PATRIOT exercise tests Offutt's patient reception plan, demonstrates new DOD capabilities

  • Published
  • By Delanie Stafford
  • 55th Wing Public Affairs
As a C-17 aircraft flown by the Air National Guard slowly made its way down the Offutt flight line July 23, ambulances from the Omaha Fire and Rescue Department along with other local emergency response vehicles waited just outside an Offutt aircraft parking ramp.

This was all part of exercise PATRIOT 15, an interagency field training exercise used to practice domestic operations within the United States.

The annual exercise included aeromedical evacuation of patients with highly infectious illnesses from Volk Field, Wisconsin to Offutt AFB.

This was not the first time a scenario like this has occurred here.

Last September, Dr. Rick Sacra, a patient infected with the Ebola Virus disease, was flown to Offutt by commercial air where he was transferred by ambulance to the University of Nebraska Medical Center's Biocontainment Unit for treatment.

As part of this year's exercise, three simulated patients with varying degrees of highly infectious illnesses were flown into Offutt and transferred into ambulances waiting on the ramp.

Offutt's role in the exercise was to coordinate the reception of the aircraft and to provide a safe and secure airfield for the transfer of the patients.

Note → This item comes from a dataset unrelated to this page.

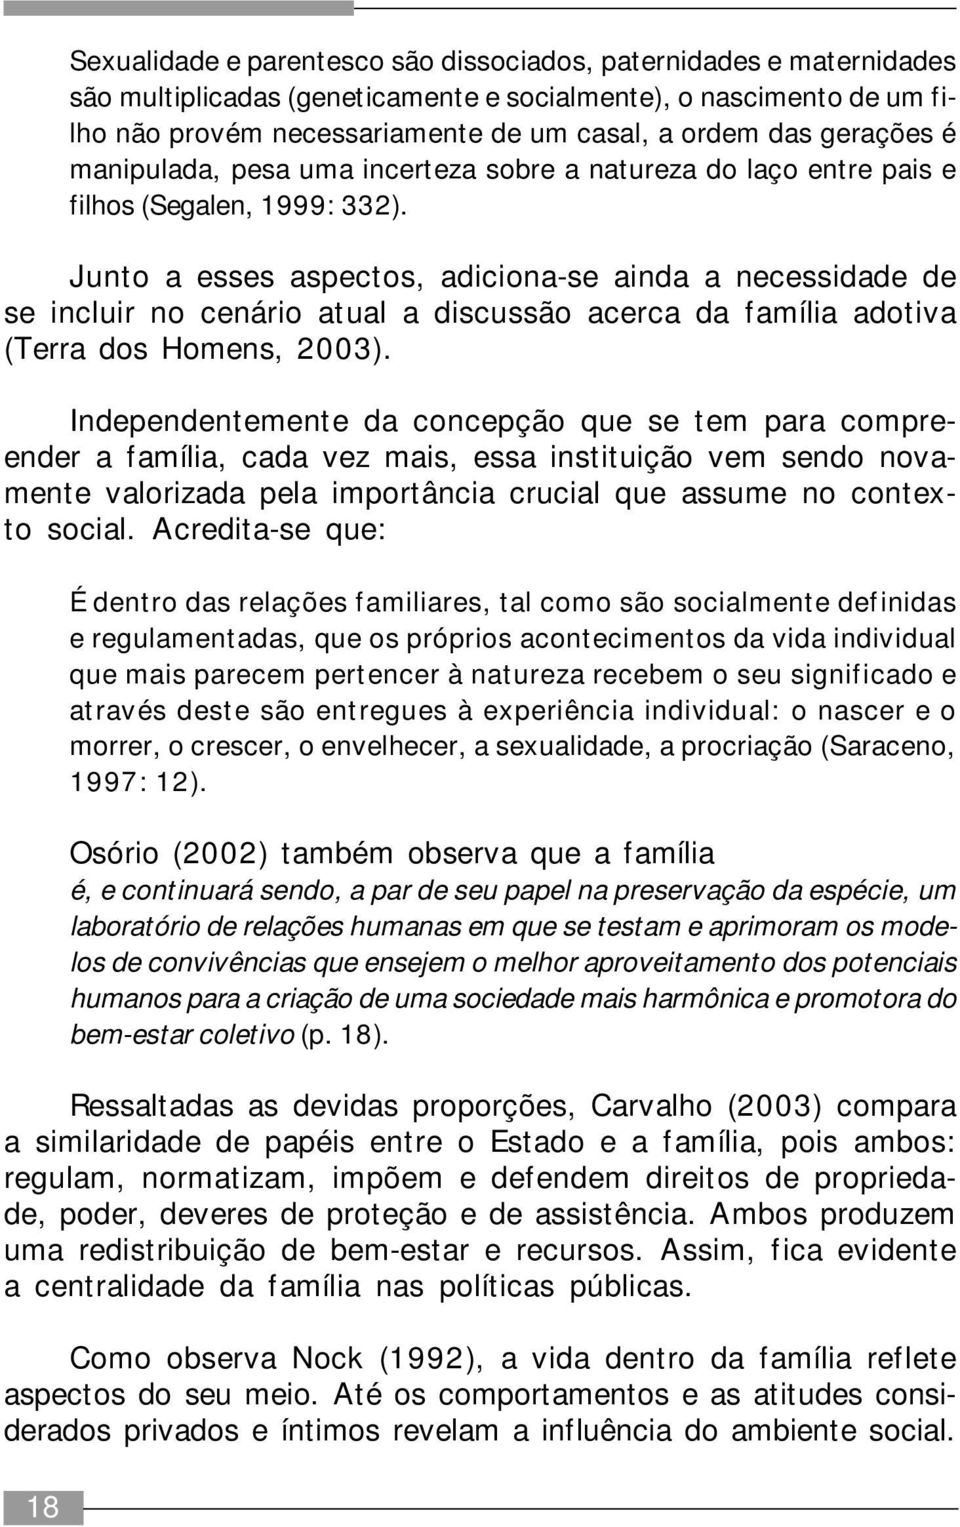 Junto a esses aspectos, adiciona-se ainda a necessidade de se incluir no cenário atual a discussão acerca da família adotiva (Terra dos Homens, 2003).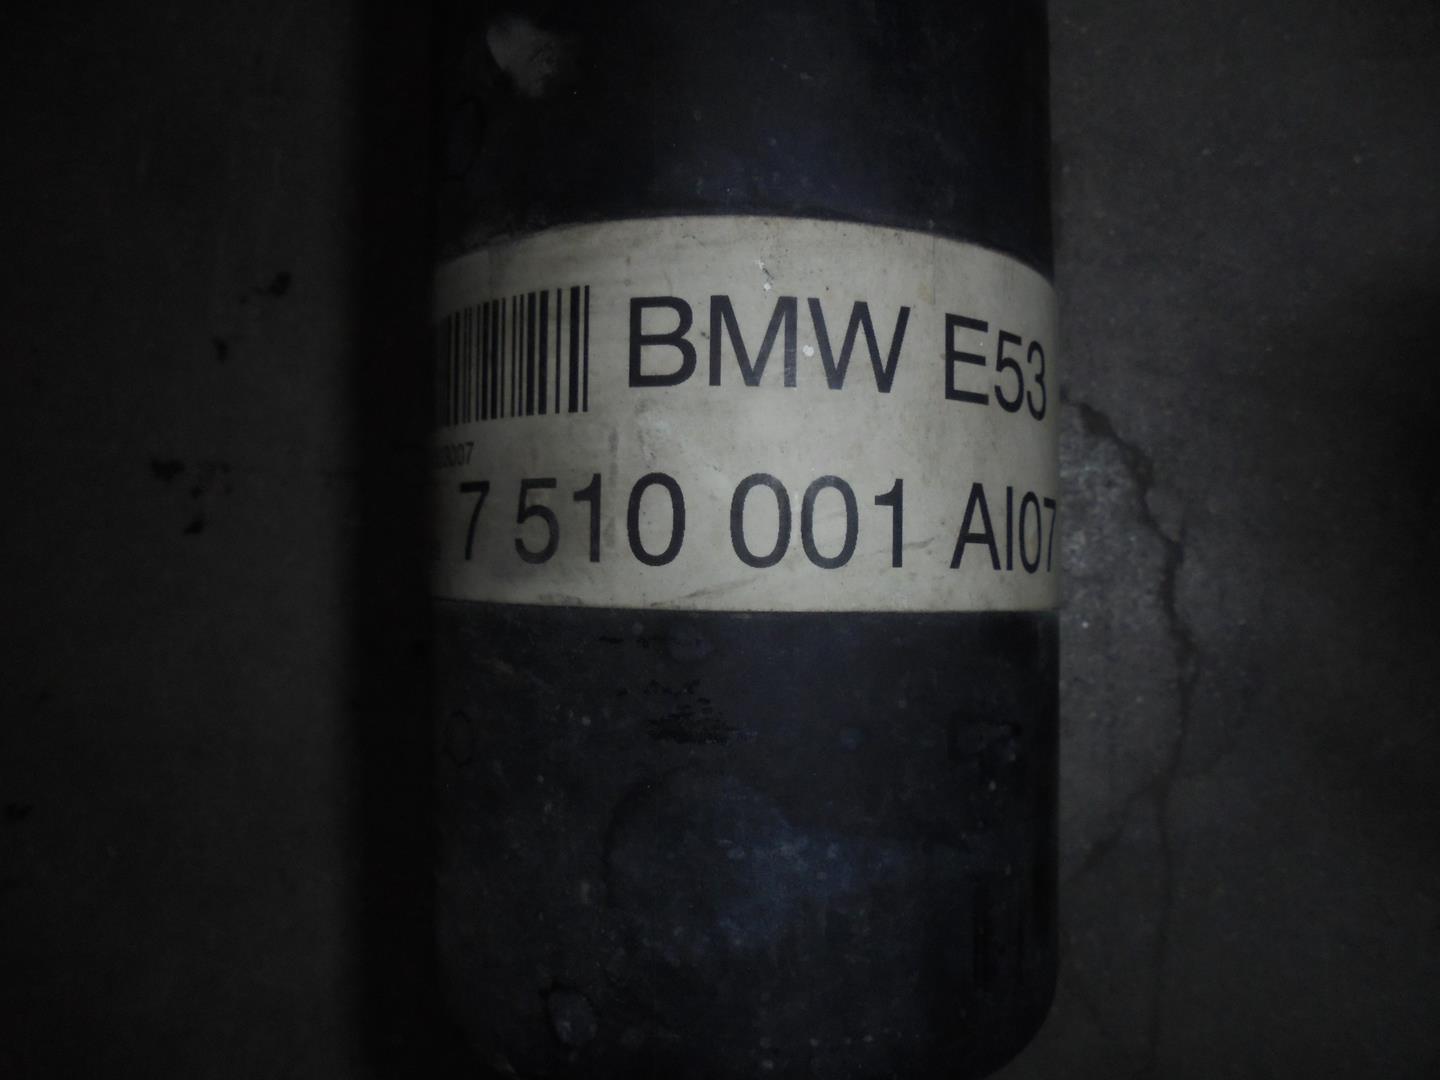 BMW X5 E53 (1999-2006) Gearbox Short Propshaft 7510001A107, BURRA3LADOB 19769938

"Overall, we think the exercise went very well," said U.S. Air Force Lt. Col. Chris Luther, 55th Wing Crisis Action Team director, who oversaw the exercise and who led the first Ebola patient reception into Offutt in 2014. "It was a collaborate effort with local emergency response agencies that reinforced our preparedness for such an event."

In addition to training, the exercise was also used to demonstrate the Transport Isolation Unit, which is a newly developed piece of equipment that became operational earlier this year.

Each module of the TIS can be configured to carry up to four patients at a time, depending on the degree of their illness, and three modules make up one unit. The unit provides an enclosed negative pressure environment intended to prevent the spread of biological contaminates through the air or by contact.

Until recently, patients with illnesses such as the Ebola virus disease and SARS could only be transported by a single-occupancy patient isolation unit that limited the type of care that could be given.

"We can provide critical care in the air, inside the TIS, that other units really aren't capable of doing," said U.S. Air Force Brig. Gen. Dr. Kory Cornum, Air Mobility Command Surgeon.  "So it gives us not only capability for more patients, but care during transport."

The Department of Defense is in the process of acquiring more of the units and hopes to have 25 available by the end of the year. Each unit can be loaded onto a C-17 or C-130 aircraft for the transfer of multiple critical-care patients anywhere in the world.

"Last year we had several thousand people in Liberia potentially exposed to Ebola,"Cornum said. "That's when we realized [the single patient isolation unit] wasn't good enough."

More than 50 people from UNMC, Offutt AFB, and local medical response agencies attended a demonstration inside the cargo area of a C-17 during a pause in the exercise. Doctors from the Critical Care Air Transport Team, assigned to the 59th Medical Wing at Joint Base San Antonio-Lackland, Texas, gave demonstrations on personal protective equipment and how their team will use the system to transport and treat the most critical patients.

Staff from UNMC's Biocontainment Unit, which is the largest unit in the nation, were impressed by the demonstration and capabilities of the new unit.

"This is exciting and an honor for [UNMC] to be here and to be involved on the receiving end," said Dr. Phillip Smith, medical director of the Biocontainment Unit at UNMC. "This is just a way to keep getting ready because you never know when you're going to get the call."